Antibiotic-resistance evolution arose because of undetectable frequencies of horizontal gene transfer (HGT) that grew into discernable threats. This exemplifies the general uncertainty over how the many different transgenes, including those for antibiotic resistance, will affect the characteristics of organisms that subsequently receive them. Resistance genes and antibiotics were not rare before human use of antibiotics1, as Davison says, but they were effectively nonexistent among the organisms that cause disease in people. A change in human practices influenced the transition of these genes into “horizontal transfer machines,” leading ultimately to their introgression into new species. The lesson here is that different applications of genetic engineering may create new opportunities in evolution, some of which are worth anticipating before we invite them.
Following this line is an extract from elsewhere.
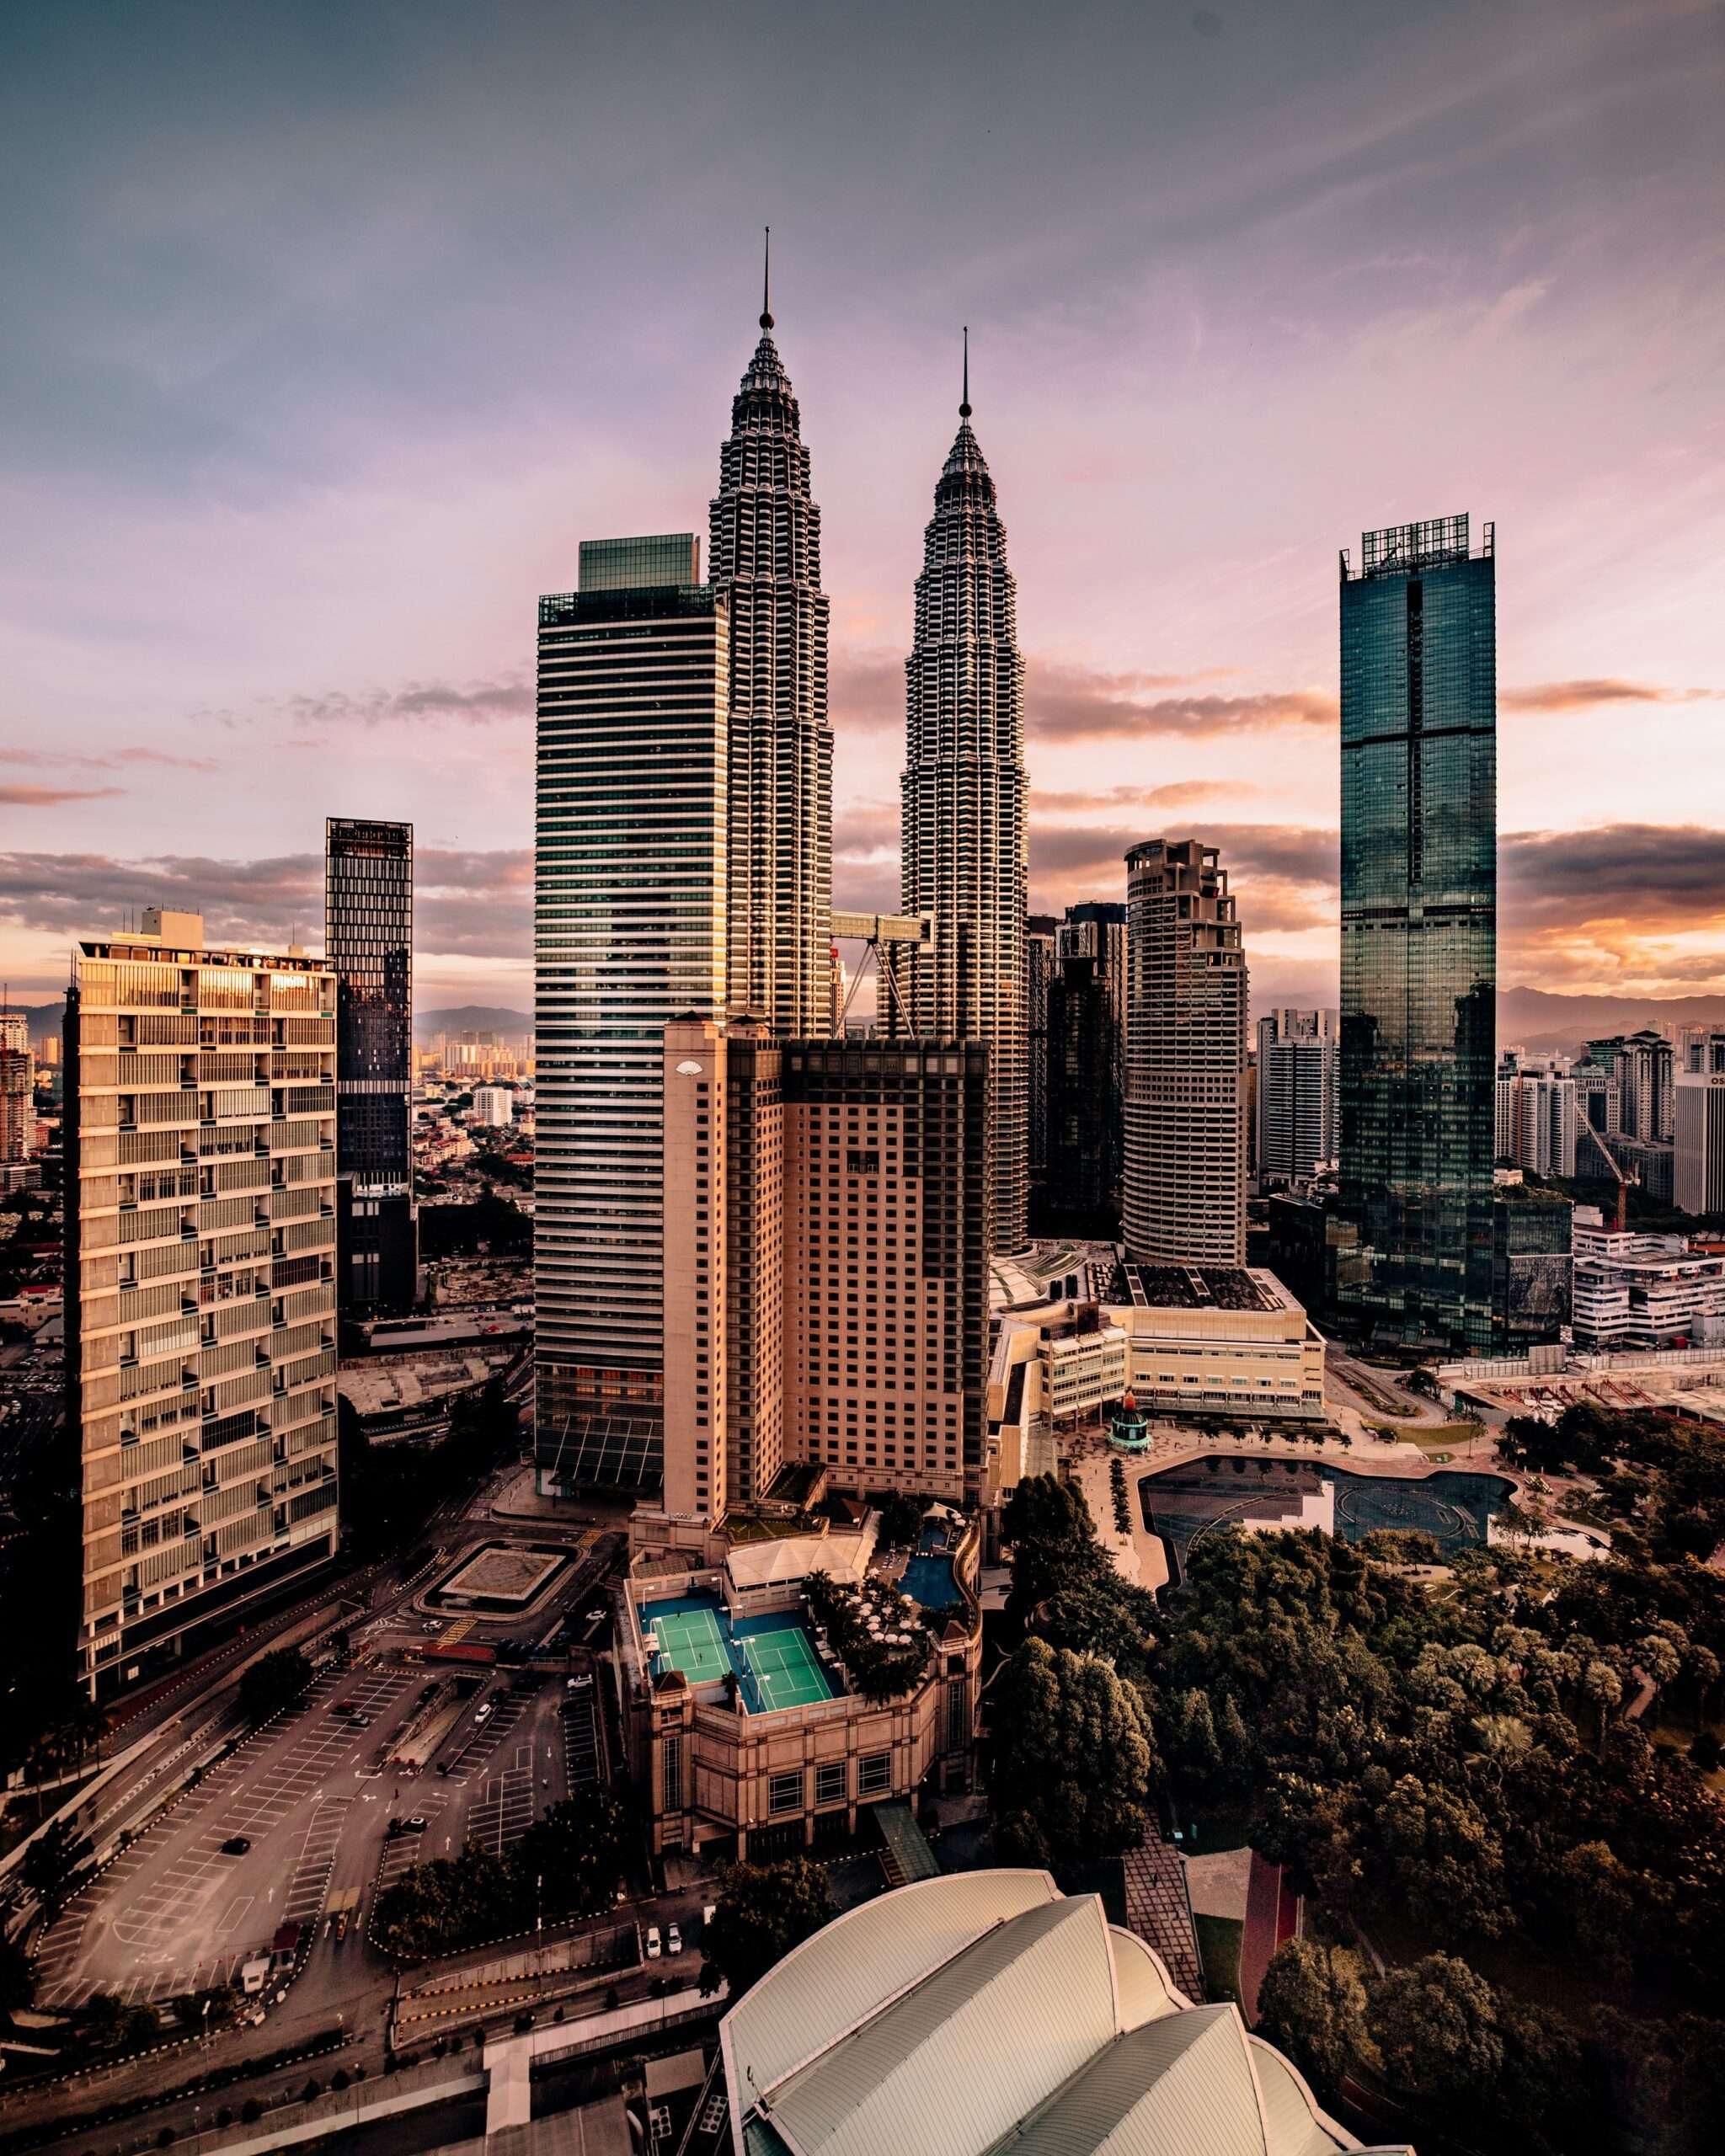 Kuala Lumpur skyline with Petronas Towers at sunset

For example, the US National Research Council (Washington, DC, USA) recently considered 'suicide genes' for containing recombinant microorganisms2. We predict that such genes easily become horizontal transfer machines3, 4, making their use as a containment tool a potential mistake.


Unless we have a basis for predicting when genes make the transition to horizontal reproduction5, we cannot know a priori that particular transgenes will be uncompetitive, contrary to what Davison suggests. We similarly cannot assume that transgenes are equivalent in their abilities to make this transition, particularly as they are neither the same DNA sequence nor in the same context as their natural counterparts. They are also not released into the same world that their natural counterparts evolved in, because they are maintained through human-assisted breeding programs and very often reach novel concentrations in the environment through the use of co-technologies (e.g., herbicides) that may have unanticipated effects on the evolution of these genes by HGT.
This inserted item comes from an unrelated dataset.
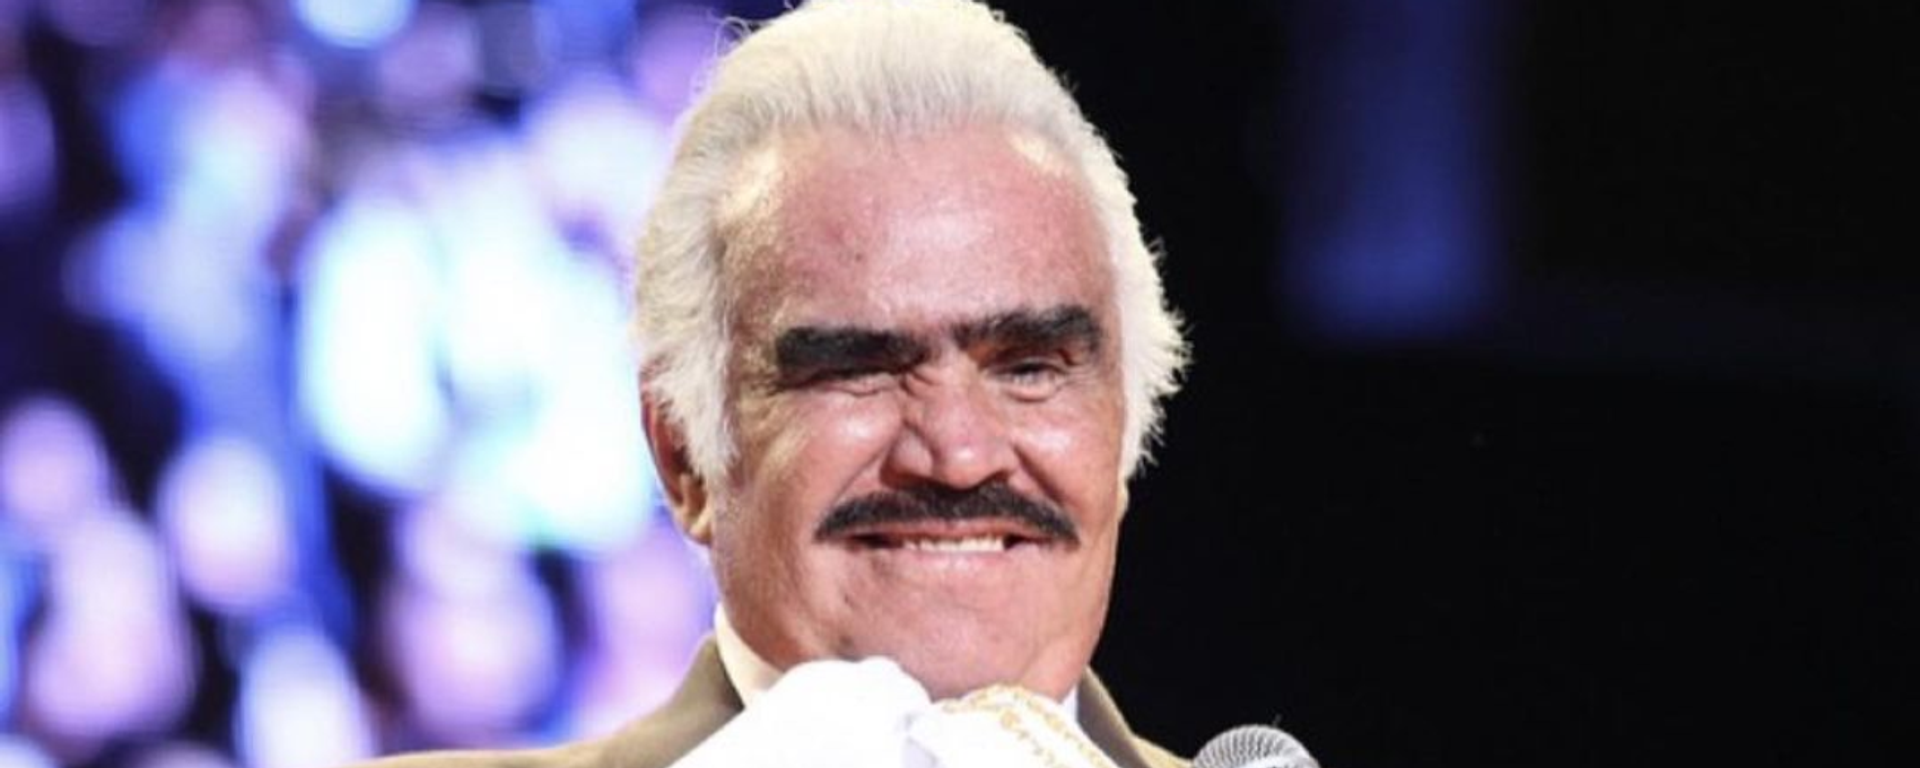 Vicente Fernández, cantante mexicano - Sputnik Mundo, 1920, 03.09.2021

Contrary both to Davison and to Nielsen and Townsend, we do not assume that the only biosafety-relevant outcome of HGT is introgression. We also question the latters' assertion that an “overwhelming majority of HGT events in nature are known to be deleterious to the bacterial transformant” (our emphasis) on the basis of only two laboratory studies using Escherichia coli. First, there is no evidence that the majority of HGTs result in genomic insertion. Second, not all biosafety risks are from the growth and spread of organismal recombinants and transgene introgression into organismal lineages. Some horizontal transfer machines pose relevant risk without having introgressed into a genome, as viruses and plasmids and some transposable elements demonstrate6.
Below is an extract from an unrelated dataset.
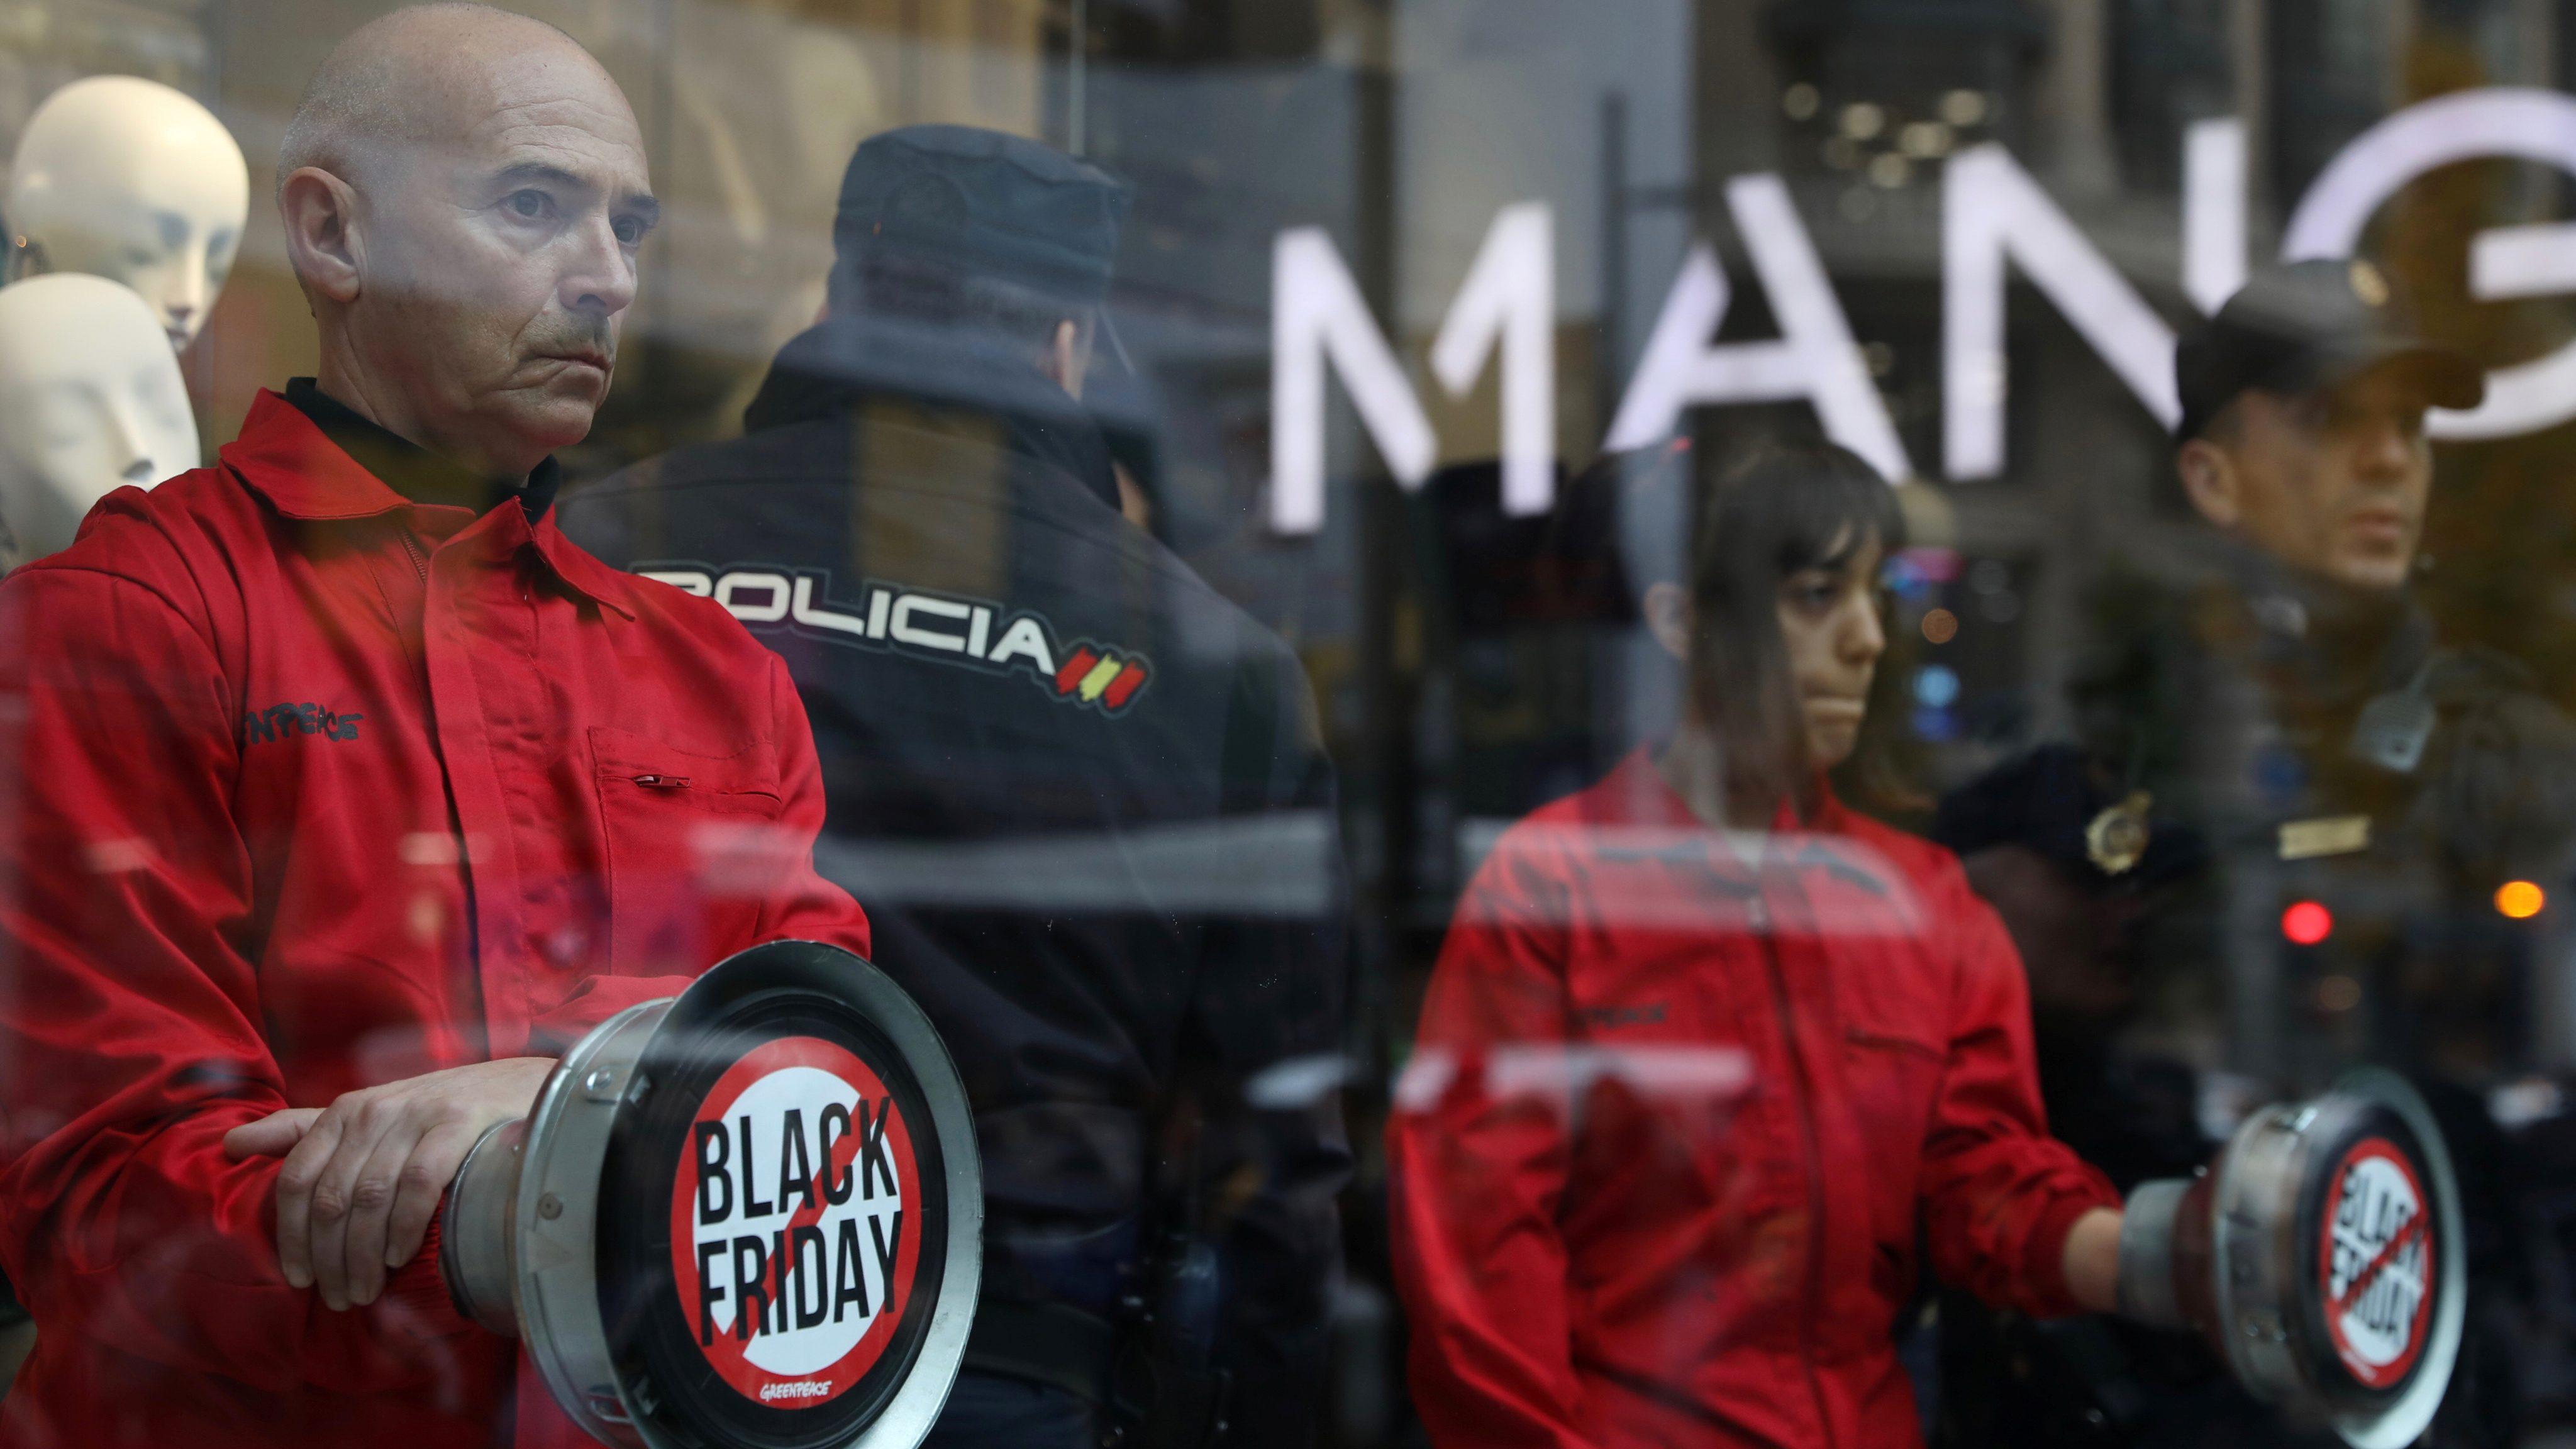 Greenpeace activists protest Black Friday inside a Mango store

  1. Baquero, F. & Blazquez, J. Trends Ecol. Evol. 12, 482–487 (1997). | Article | ISI |
  2. Committee on the Biological Confinement of Genetically Engineered Organisms, NRC. Biological Confinement of Genetically Engineered Organisms. (National Academies Press, Washington, DC, 2004).
  3. Cooper, T.F. & Heinemann, J.A. Proc. Natl. Acad. Sci. USA 97, 12543–12648 (2000).
  4. Cooper, T.F. & Heinemann, J.A. Selection for plasmid post-segregational killing depends on multiple infection: evidence for the selection of more virulent parasites through parasite-level competition. Proc. R. Soc. Lond. B Biol. Sci., in press.
  5. Heinemann, J.A. & Silby, M.W. in Multiple Drug Resistant Bacteria. (ed. Amábile-Cuevas, C.F.) 161–178 (Horizon Scientific Press, Wymondham, 2003).
  6. Syvanen, M. & Kado, C.I. (eds.) Horizontal Gene Transfer, edn. 2 (Academic Press, San Diego, 2002).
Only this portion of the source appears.